The next step was to order x-rays of both knees and an MRI of the
right knee. These showed arthritic changes in both knees, and a
meniscal tear on the right side. We decided to first try cortisone
treatments to see if this would help - with no luck. We then booked
surgery to repair his meniscus.
In August 2006, I saw Anthony again for his surgical pre-evaluation.
He now had pain with weight bearing, and reported further knee buckling
- this time on the left side! After further testing we identified
meniscal tears in both knees, chronic sinovitis, and medical plica,
a thin wall of fibrous tissue in the left knee. The right knee had
similar findings, and also a chondral defect in the articular (hyaline)
cartilage, which is common with excessive wear.
We discussed the findings and Anthony decided to move forward with
arthroscopy in both knees. This is the least invasive surgical option
that could provide the greatest benefit. In September 2006 we did
a left knee arthroscopy, and in October, the right. While doing
the right knee we also cleaned up the torn cartilage (chrondoplasty).
When Anthony came to see me in January 2007, I could tell that
he was still in pain. He was walking with an assistive device, and
reported continued pain going up and down stairs. He also mentioned
a grinding sensation in his left knee.
I suspected he was an excellent candidate for knee replacement,
and discussed it with him. But before committing to this we decided
to continue his more conservative treatment. This consisted of oral
anti-inflammatory medications, steroid injections, and neoprene
braces.
I saw Anthony again in February 2007 - with little change - and
then again in April. By now, he reported pain in both knees 7/8
out of 10. The pain was worse with activity, and his quality of
life was further diminished. We discussed his situation in detail,
and we agreed on total knee replacement.
Over the next few weeks, Anthony worked with our team to gain medical
clearances and to participate in pre-surgery education. Our comprehensive
program uses a well-tested clinical pathway and includes things
like dental clearance, EKG, lab work, informed consent, a pre-op
evaluation by our anesthesiology and physical therapy team, and
work with our outstanding nursing staff. (Since this time, we have
developed an enhanced education program managed by Maria Policelli,
PA-C, and Lee Golden, RNFA).
Just 6 weeks later, Anthony came in for his left knee replacement.

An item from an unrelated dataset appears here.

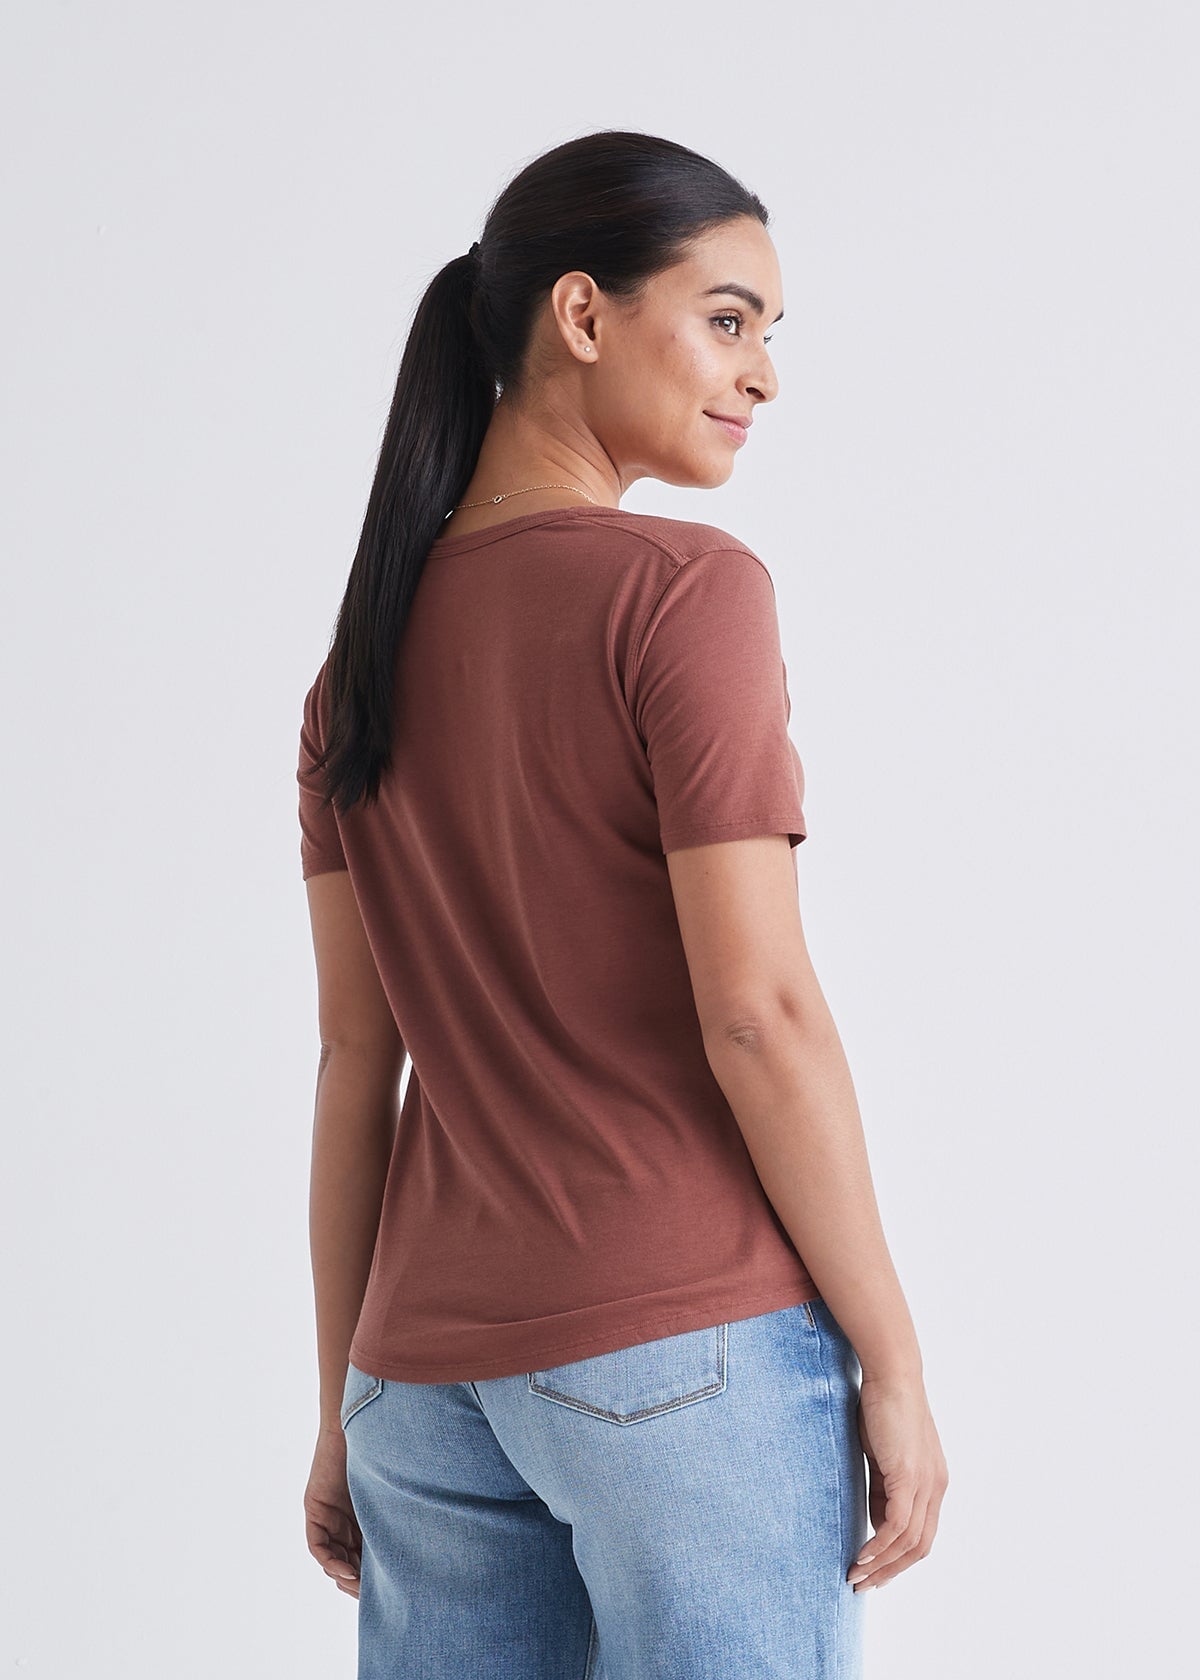 womens soft lightweight reddish-brown v-neck t-shirt back

He came through surgery with flying colors, and did short term inpatient
rehabilitation. By August, he was much happier. He had no functional
limitations and minimal left knee pain. He still had some residual
muscle weakness, and continued to report pain in his right knee.
However, after coming through the first surgery, Anthony knew this
could be corrected as well.
In June 2008, we did Anthony's right knee, with another excellent
recovery. By Spring 2009, he was back to his old habits - skiing
again, and doing all his normal daily activities.
When I last saw Anthony, he continued to be in good health and
good spirits, ready for another winter season on the slopes. Not
bad for a 73-year old!
If you have a patient with arthritic or worsening knee or joint
pain, we want to help.
Call us at 617-665-1566 for
an evaluation.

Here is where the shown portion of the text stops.